_What you will do_
The whole listing needs to be written out exactly, except for any images.

+++ Data section

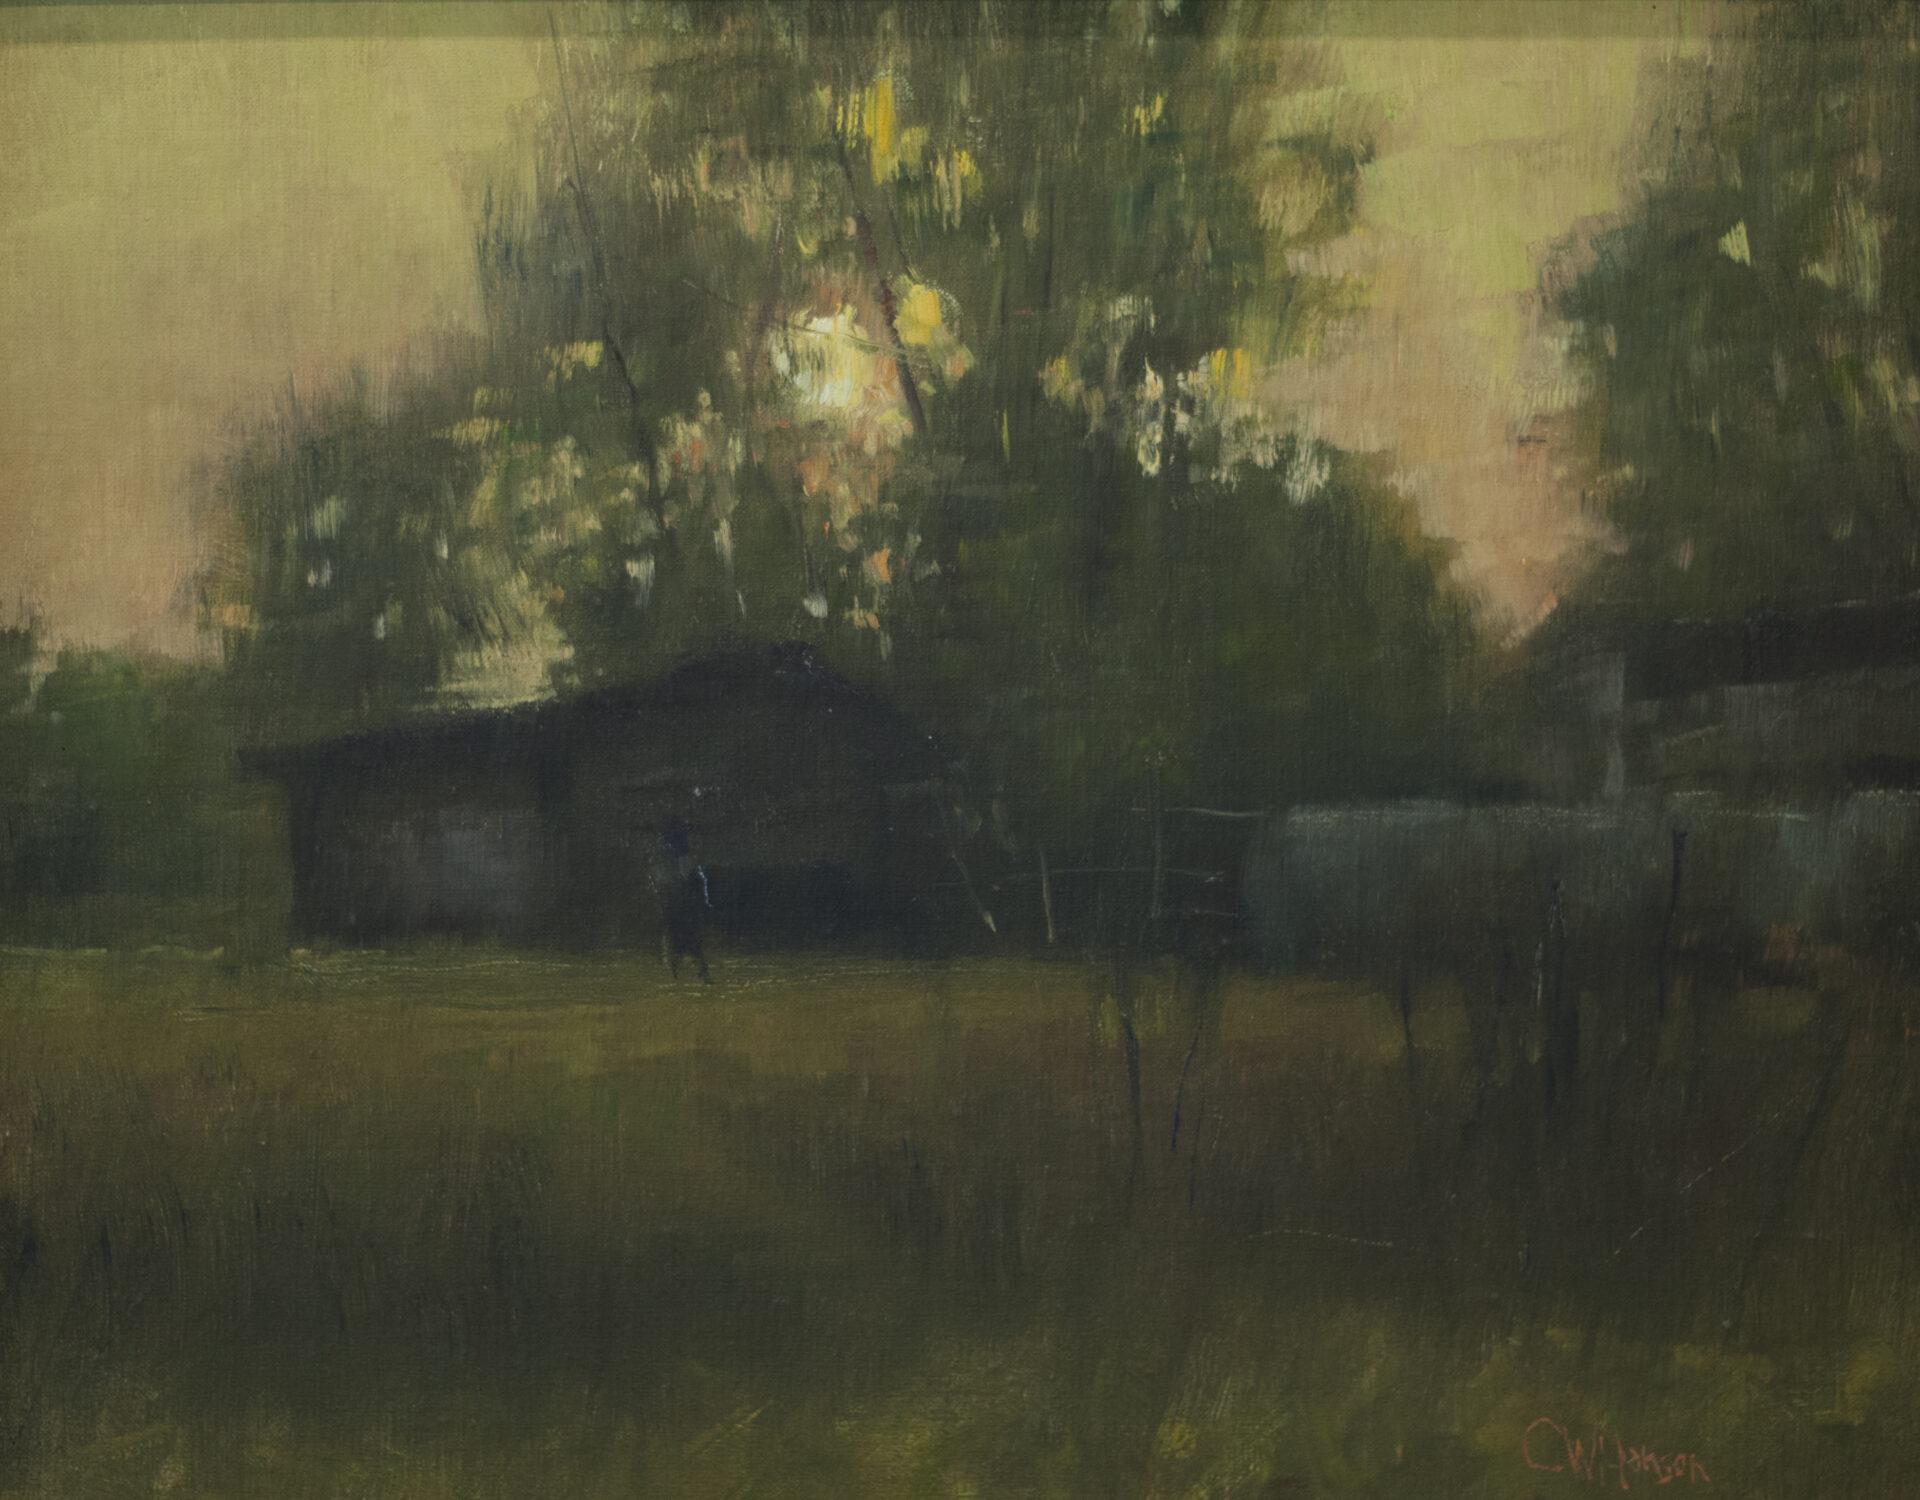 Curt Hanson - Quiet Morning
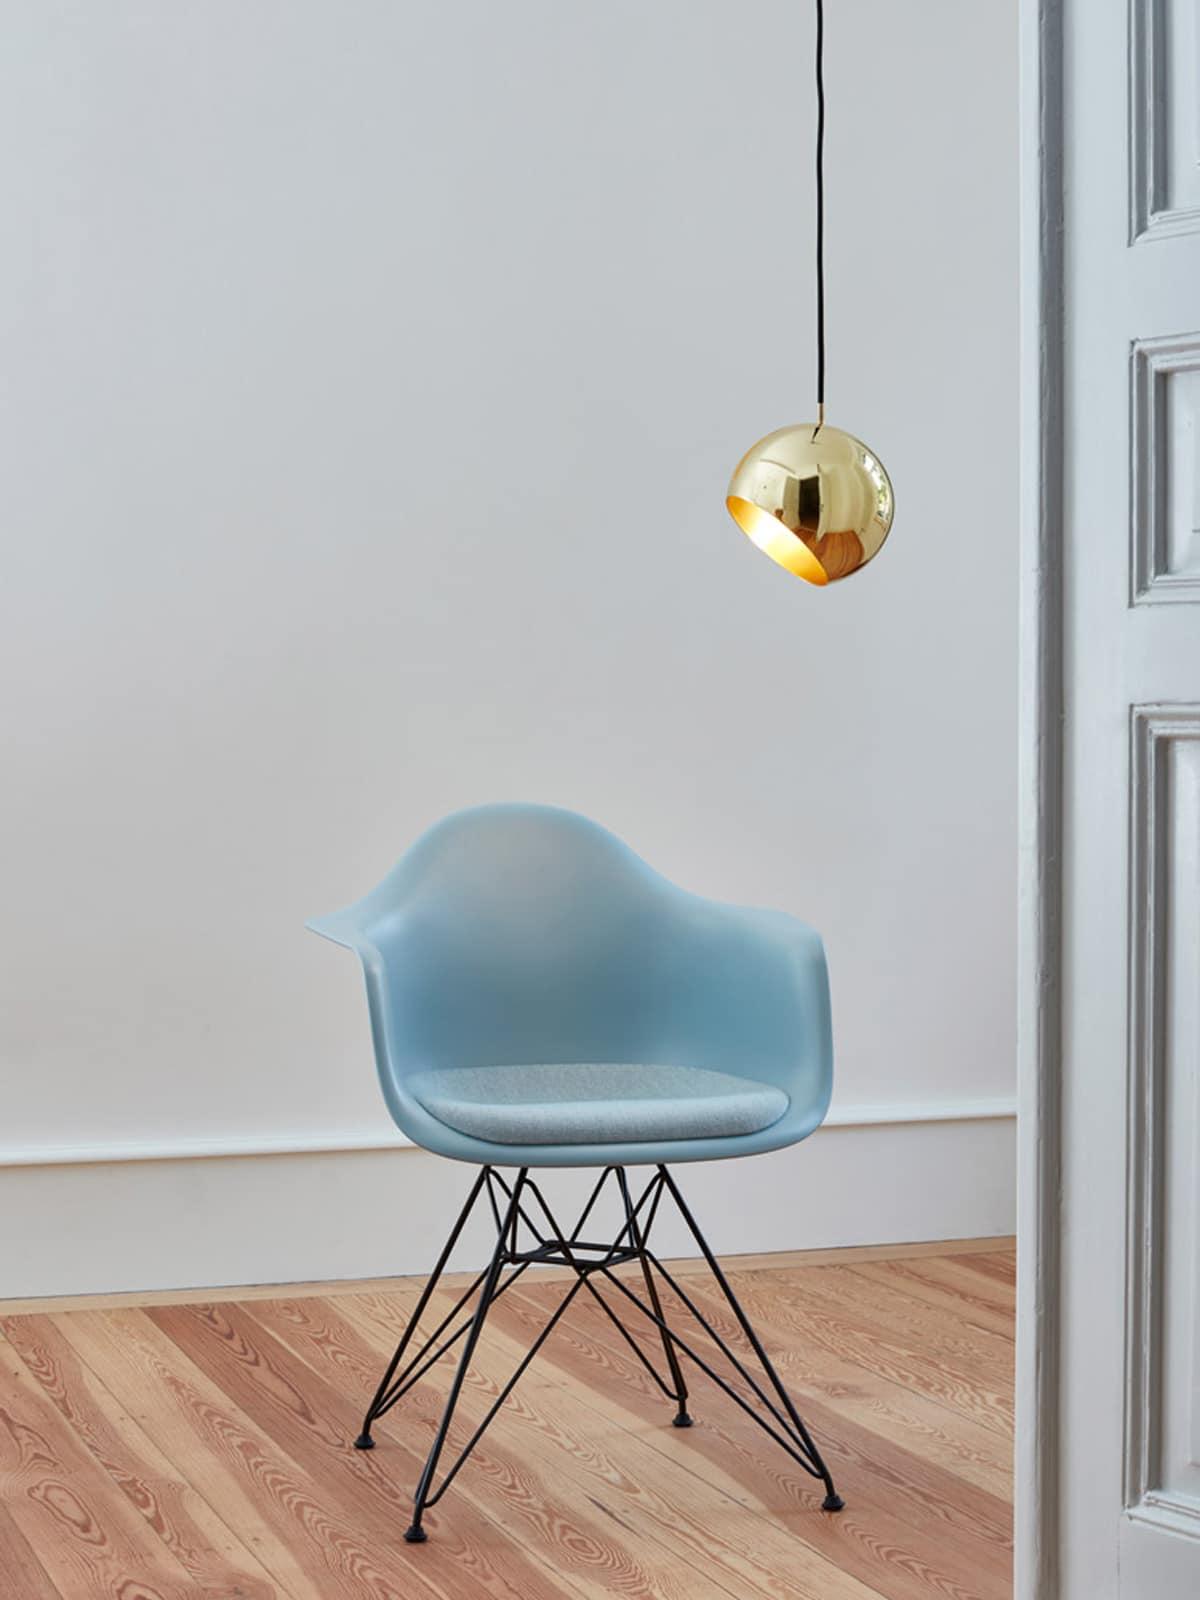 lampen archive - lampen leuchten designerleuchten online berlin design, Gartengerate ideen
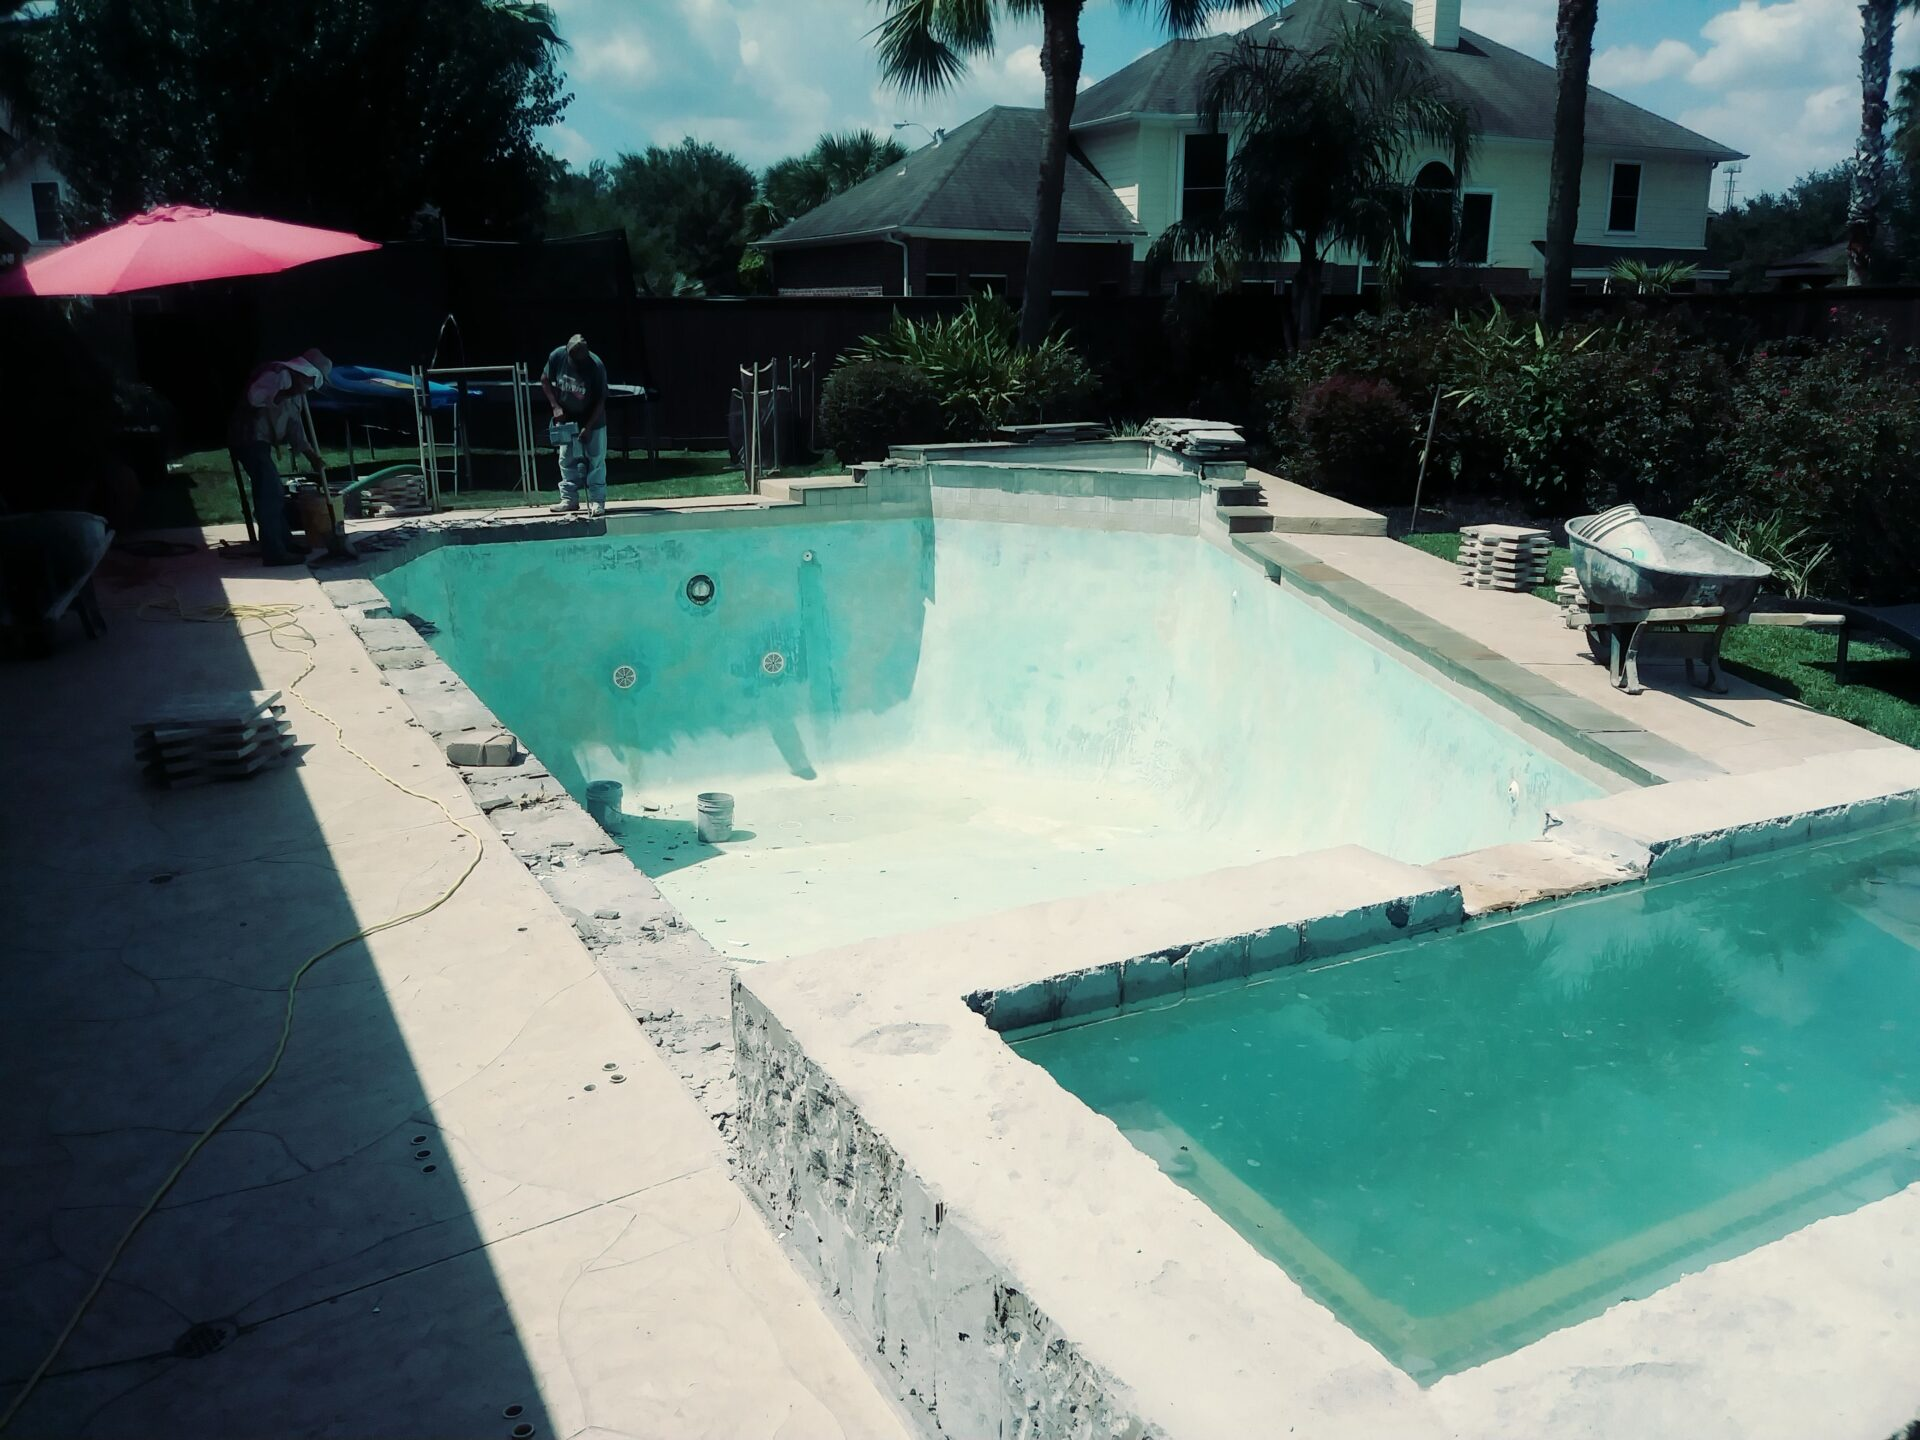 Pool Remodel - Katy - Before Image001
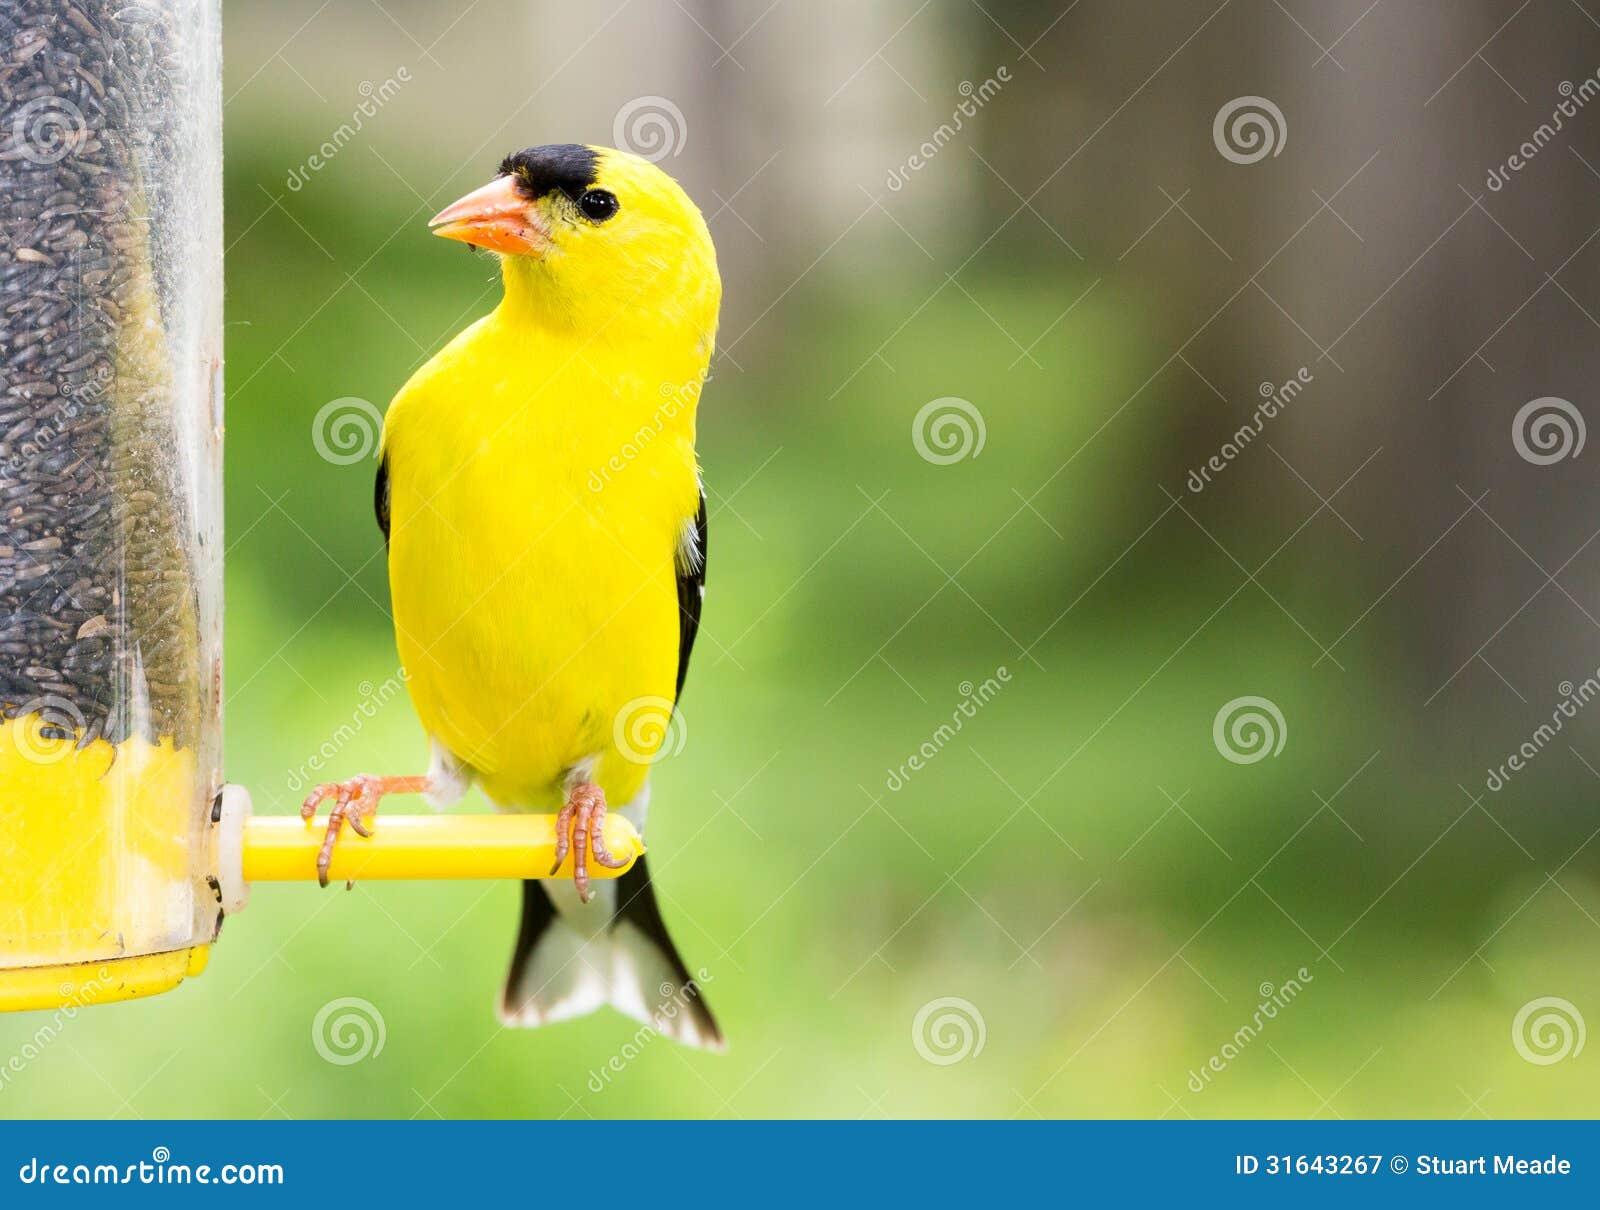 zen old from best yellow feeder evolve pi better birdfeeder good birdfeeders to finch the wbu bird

++++++

_Solution to the exercise_
 Curt Hanson - Quiet Morning
 lampen archive - lampen leuchten designerleuchten online berlin design, Gartengerate ideen
 Pool Remodel - Katy - Before Image001
 zen old from best yellow feeder evolve pi better birdfeeder good birdfeeders to finch the wbu bird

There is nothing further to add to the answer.